Девушка протянула Любе две книжечки, одну совсем тоненькую,
другую потолще, в ярко-красной обложке.
– Спасибо, – улыбнулась Люба, втайне радуясь, что
непонятный и слишком сложный для нее разговор так быстро и легко закончился.
Открывая дверь, она и не предполагала, что ей придется вести беседу о том, о
чем она никогда, в сущности, не задумывалась и что ее совсем не интересовало.
Она думала, что у нее будут просить пожертвования на бедных, сирых и нищих, и
готова была дать денег, тем самым сделав хоть что-нибудь, чтобы вымолить у Него
прощение. А оказалось, что ей предлагают чуть ли не теософскую дискуссию.
– Вы позволите мне зайти через несколько дней, чтобы
узнать, понравились ли вам наши книги? Может быть, у вас появятся вопросы,
которые мы могли бы с вами обсудить. Если содержание книг вас заинтересует, я с
удовольствием приглашу вас на собрание нашего общества…
– К сожалению, вы вряд ли застанете меня, –
торопливо сказала Люба. – Днем я обычно на работе и прихожу очень поздно.
Сегодня вы меня совершенно случайно застали, у меня отгул.
– Очень жаль, – огорчилась девушка. –
Простите за беспокойство и спасибо вам за беседу.
Люба с облегчением закрыла дверь и вернулась в комнату.
Усевшись на диване, она стала рассматривать книги. Одна из них, красная,
оказалась Новым заветом, вторая, тоненькая, называлась «Лучший подарок – жизнь»
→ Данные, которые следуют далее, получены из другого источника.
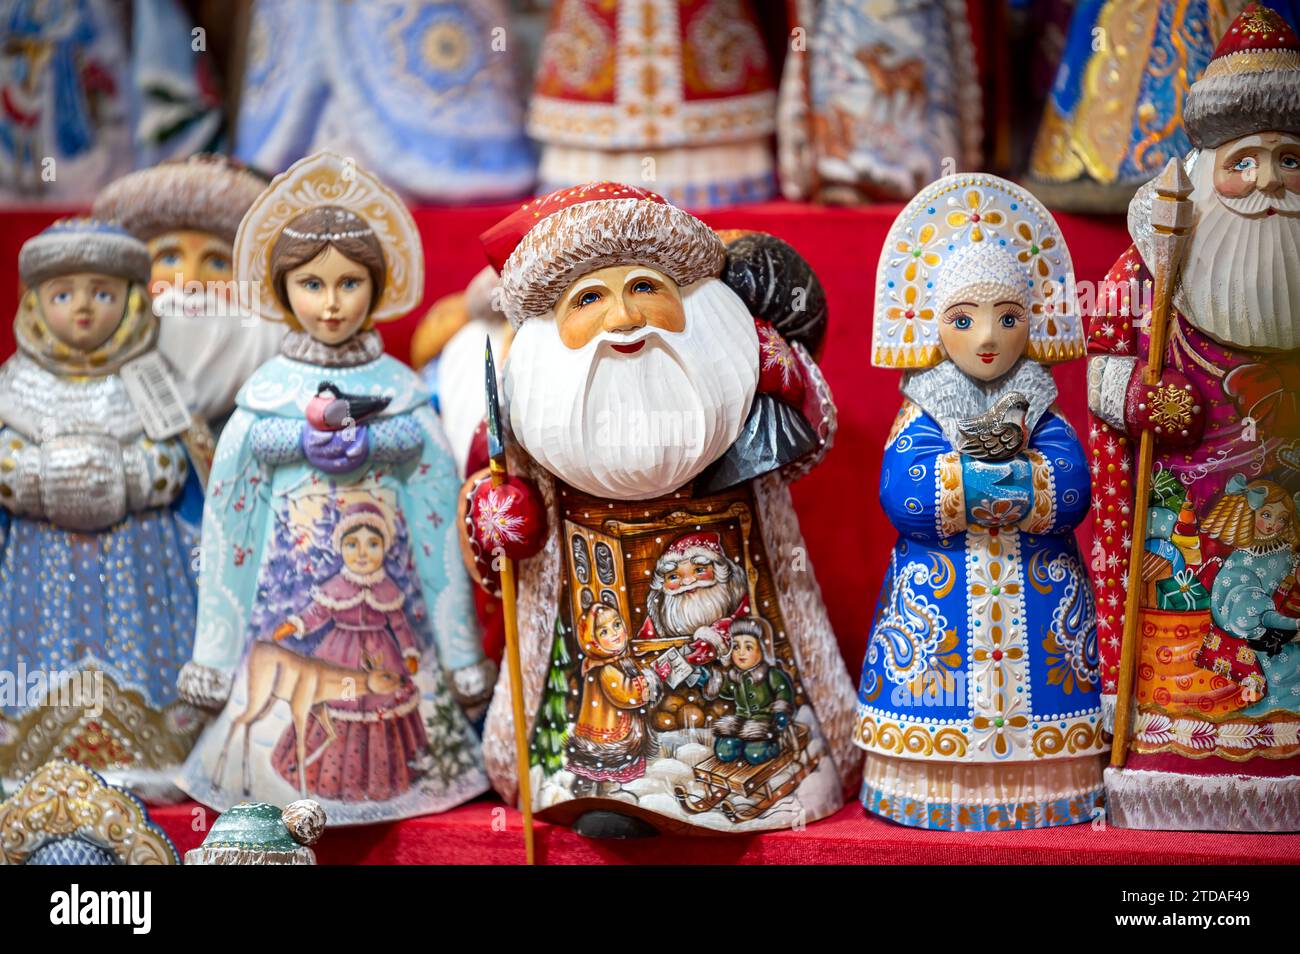 Die Figuren von Vater Frost (russisch Ded Moroz) und Segurochka werden vor weihnachten im Schaufenster ausgestellt. Winter, Dezember. Russisches Weihnachtsmerkmal Stockfoto

и имела подзаголовок «Евангелие от Иоанна». Она почувствовала, как внутри у нее
все оборвалось. Лучший подарок – жизнь. Жизнь – самое лучшее, самое ценное,
самое прекрасное, что Бог может подарить человеку. А она, Люба, посмела в этом
усомниться и пожелать смерти другому человеку. Бог решил дать жизнь Миле
Широковой. Он же не мог не видеть, какой стала эта жизнь и сколько страданий
она причиняет другим людям, но не отнял ее у Милы, потому что на то была Его
воля, его разумение. А Люба посмела своей волей изменить Его решение. Нет ей
прощения…
Она читала наугад раскрытую книгу, и ей казалось, что с глаз
спадает пелена. Не посторонние люди заставляют нас страдать по злому умыслу,
нет, это Господь посылает нам испытания, чтобы мы закалились, укрепились духом,
заглянули внутрь себя и увидели, что на самом деле важно и ценно, а что – ветхо
и преходяще. Страдание очищает, и это означает, что посланное Им испытание
призвано изменить нас, сделать нас лучше, сильнее, добрее. Господь наш все
видит, в Его воле не допустить наших страданий, и если Он их допускает, значит,
на то есть Его воля. Ему виднее, как правильно. Ему виднее, кому посылать эти
испытания. Она испытания не выдержала, сломалась, пала духом и пошла по тому
неверному пути, от которого всегда предостерегал Господь: по пути возмездия.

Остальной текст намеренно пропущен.